HP: And the tickets are modestly priced.

RS: I want everybody to have a chance to come to all the nights. It's all about the whole picture. Maybe some people don't wanna come to the same venue every night. But the people who ARE gonna be there all three nights are gonna experience something really special.

HP: Looking through photos from the first two years, there's nobody there that isn't smiling and loving the shit out of their life at that point.

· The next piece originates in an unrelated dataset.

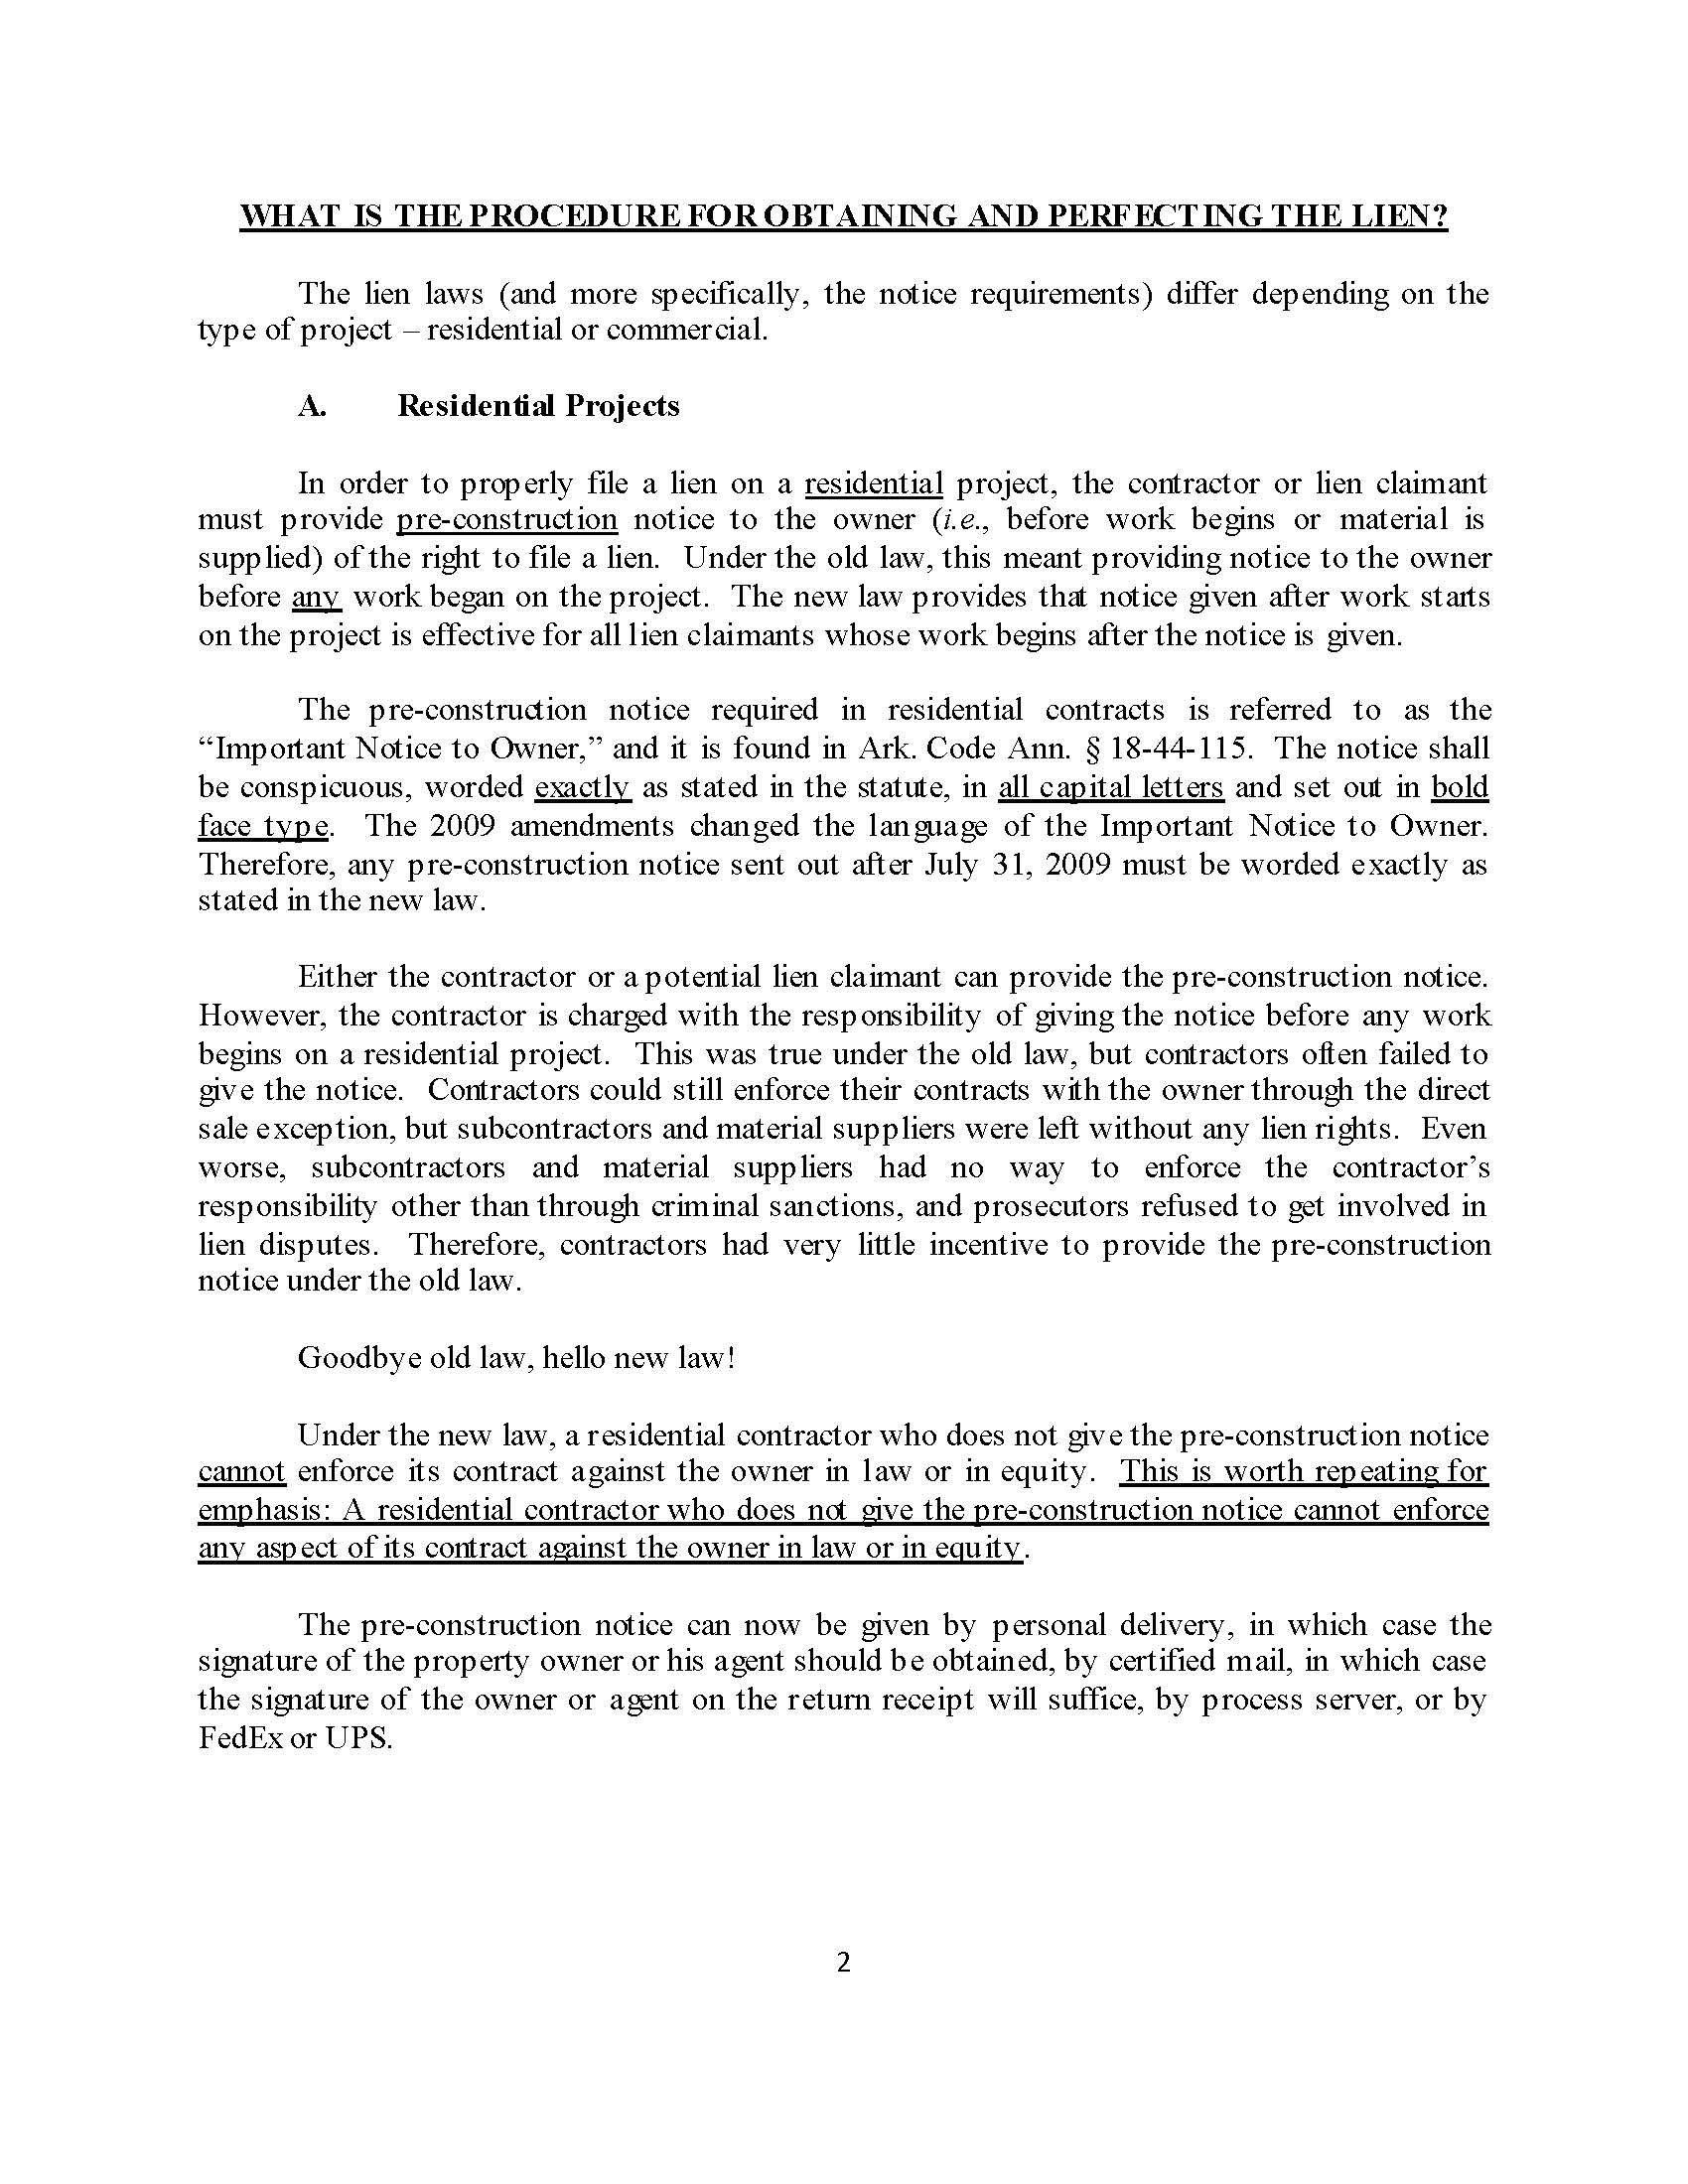 Summary-Materialman-Lien-Statutes-and-Amendments-faulkner-2011_Page_2.jpg
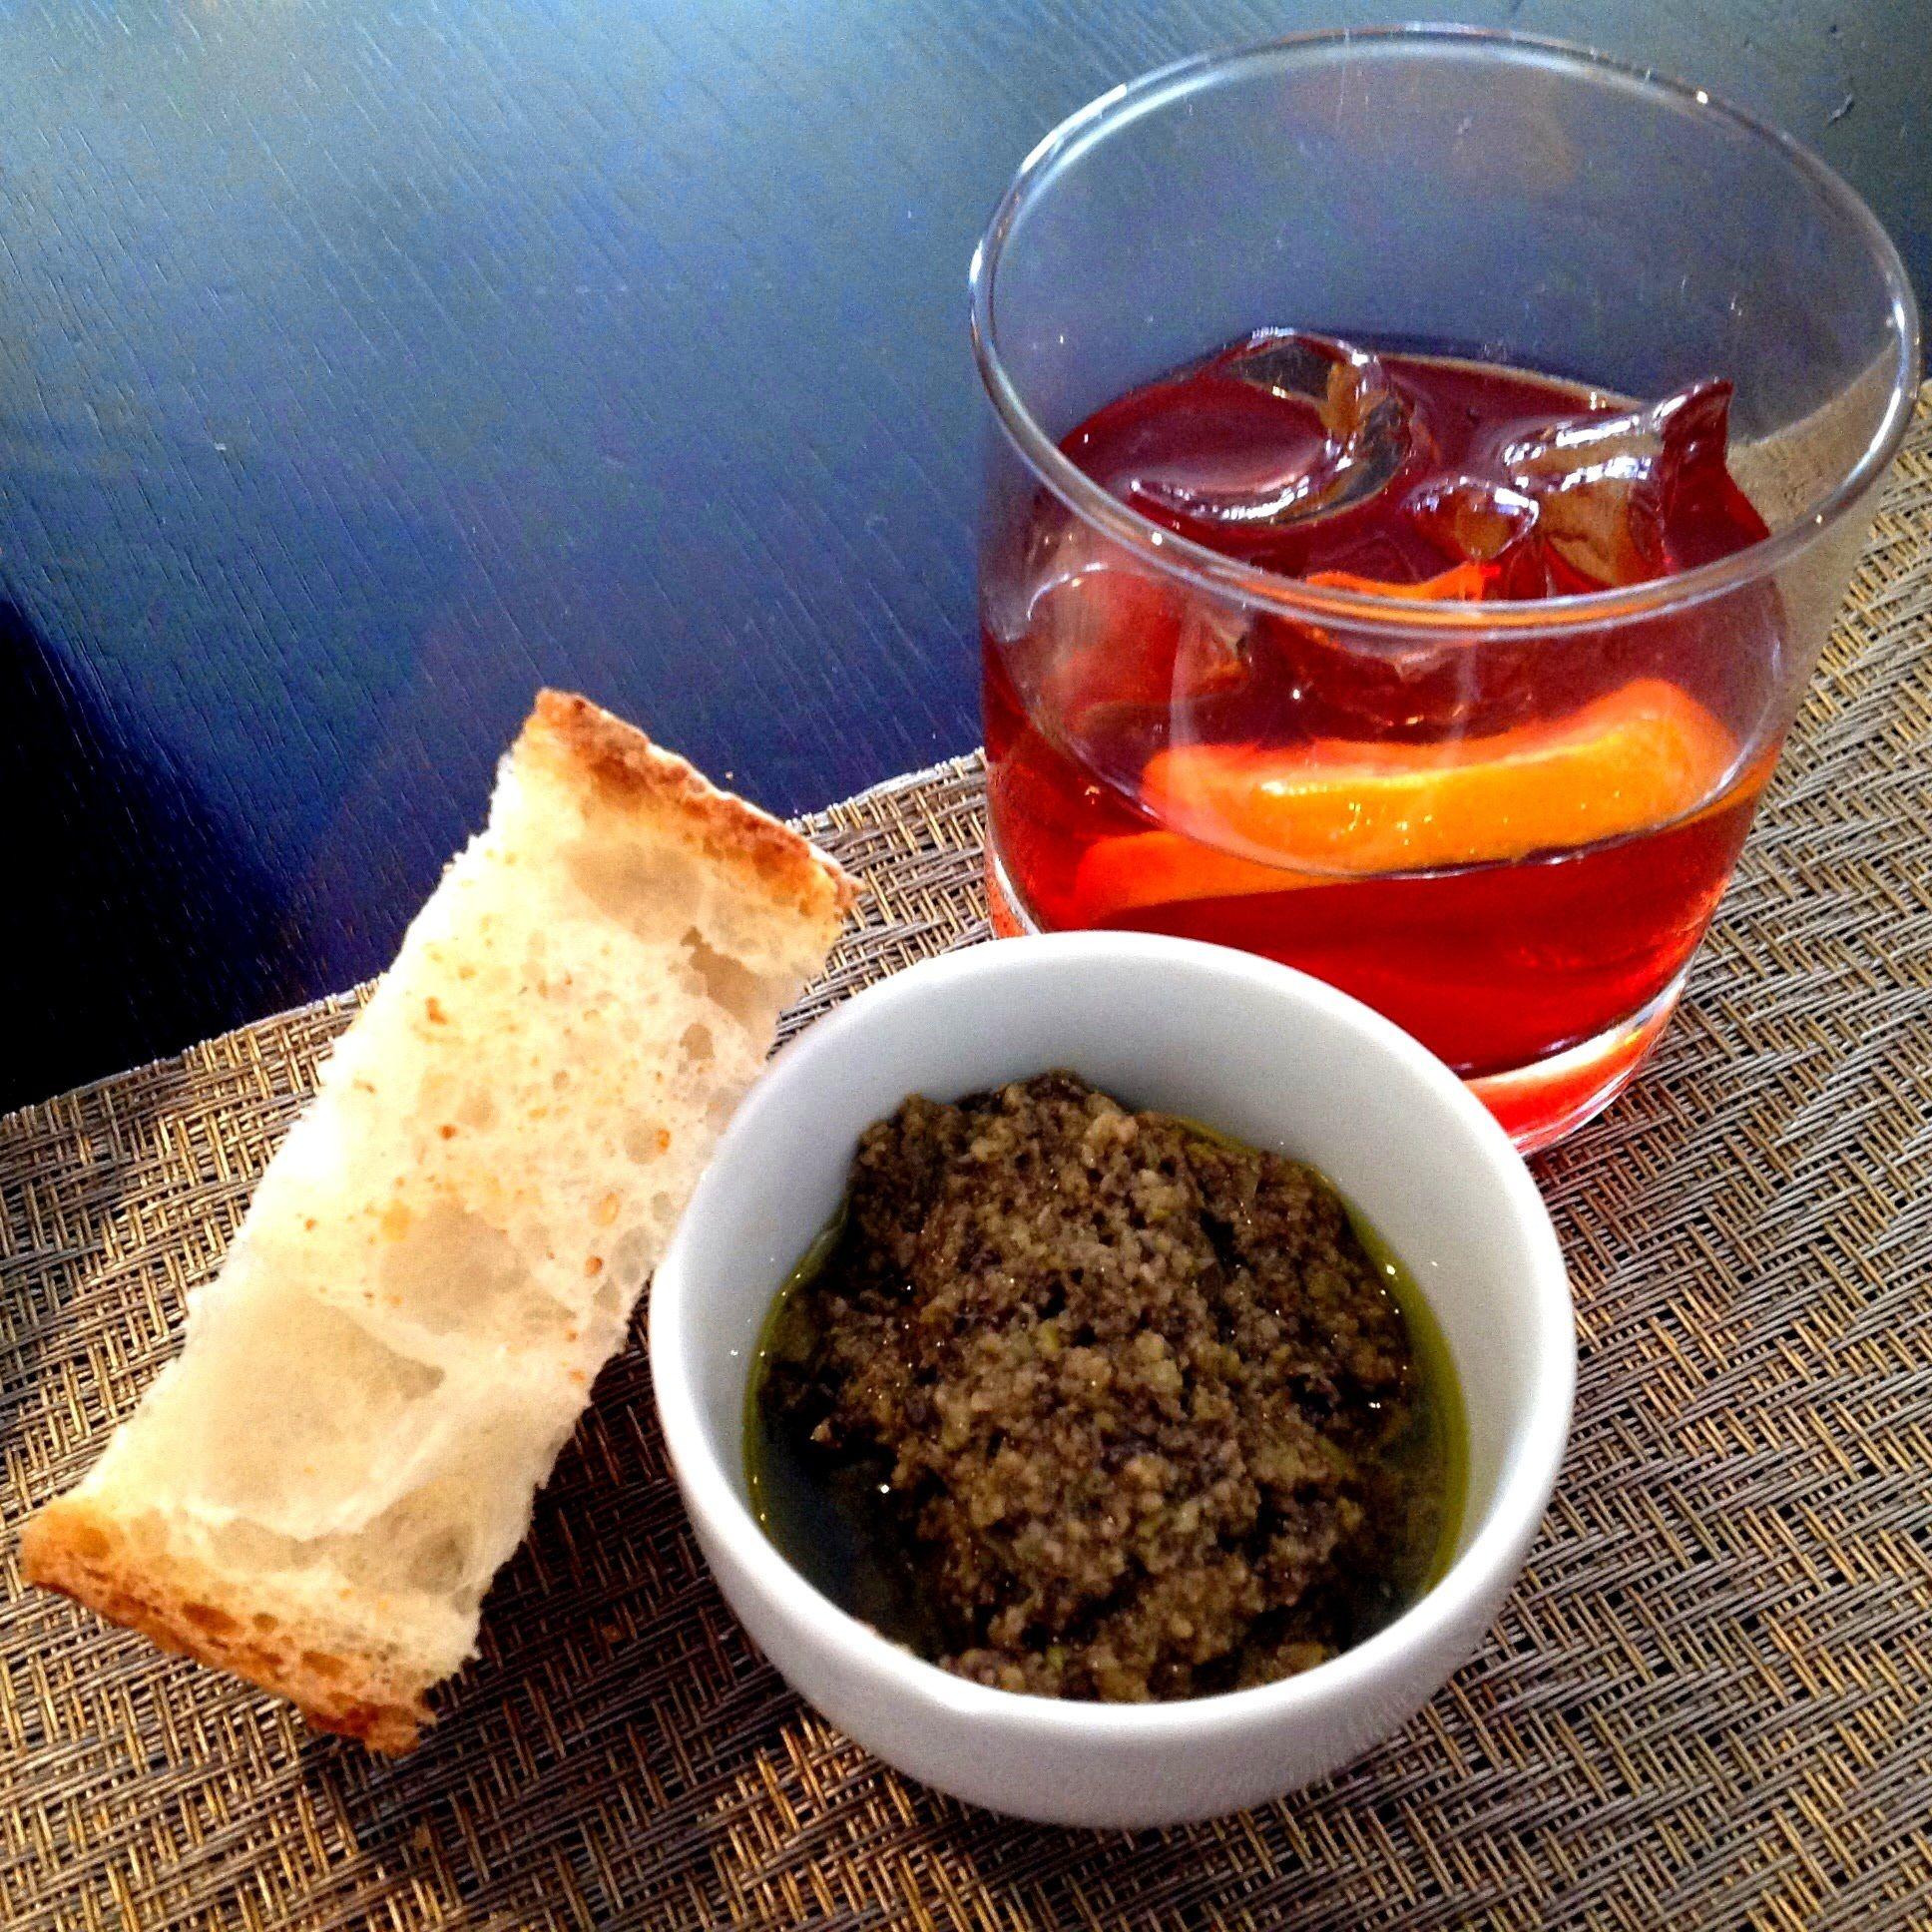 Negroni, pan y pasta de aceituna negra

RS: [laughs] Well, yes! It's fun! Everybody gets paid, everybody gets fed. I give a free t-shirt to every member of the bands. Usually I screen-print the t-shirts by hand but this year I'm gonna actually go down to a shop in town and have them do it because it's red and black and really intense with a red washout. I'm a printer, by the way. That's my college degree, printing. I have my own little set up here at my house but this year's artwork demanded a little more attention than I could provide with the time frame because I just got home from tour with Tool and I didn't have enough time to actually screen-print the number of t-shirts I'll need. So that's kind of a drag. I just went down and had a meeting with the printers yesterday and they said, "Come on down, you can help us!" So I'm actually involved, but I won't be doing them all by hand. But everybody gets a little love. My sister and I make handmade laminates out of nudie magazines for all the bands. High Times, Playboy, National Geographic... little collages for each band member. It's fun! Everybody is involved because they want to be. Our artist who's done the artwork every year, one of my dear friends, Gabriel Shaffer out of Asheville, North Carolina... he's done artwork for us at our home, and naturally he was the first person I asked to help me with this because it's a family affair! It gives us all a reason to get together. It's easy when it's just all your friends. [laughs] Everybody just likes to see each other and it's like a big reunion. And we get to bring other people into the fold. We make new friends, new relationships get forged, bands meet each other that maybe otherwise hadn't in the past. I know Floor is taking out Hot Victory, that happened because they all met last year. I think that's why it happened, at least. It's just cool. New bonds are made, that's the whole idea.

Hot Victory
HP: I wish more festivals were like this one. The way it's presented, the way it's arranged and delivered. It's difficult for me to describe as an outsider. I won't ask you to sell the festival, it seems to sell itself. But is there anything people may not know about Stumpfest that you feel they need to know?

RS: Not really! They just need to be armed and prepared to open their hearts, connect, and have a blast!

HP: Can they get in if they don't have a beard?

RS: [laughs] Absolutely! I don't discriminate! There's a lot o' hair goin' on, it's amazing! John Theodore, when I asked Life Coach to come up... We already had Phil (Manley) from Trans Am, and I was like "Come on, Johnny! You gotta come up!" And he was like "Man, Stump! That's a lot o' heaviness there, I don't know!" I told him he'll be fine! Because I want each night to have its own identity. What's a festival if it's one big clod and everybody sounds in the same ilk? It kinda gets to you after a while. So it's nice. That's maybe one thing that I'll leave you with. Each night crafts its own sound, its own style. And I've tried to cultivate it that way. We have one night that's different to keep it fresh for everyone who does want to come for three days. You ARE getting a different vibe on stage each night!


Don't sleep on this one, kids. It seems there's no over-stressing the heart that goes into Stumpfest at every angle. From Ms. Stump, through the bands, and directly into the lucky few in attendance runs a stream of unity and passion. If only the rest of the world would catch on, eh?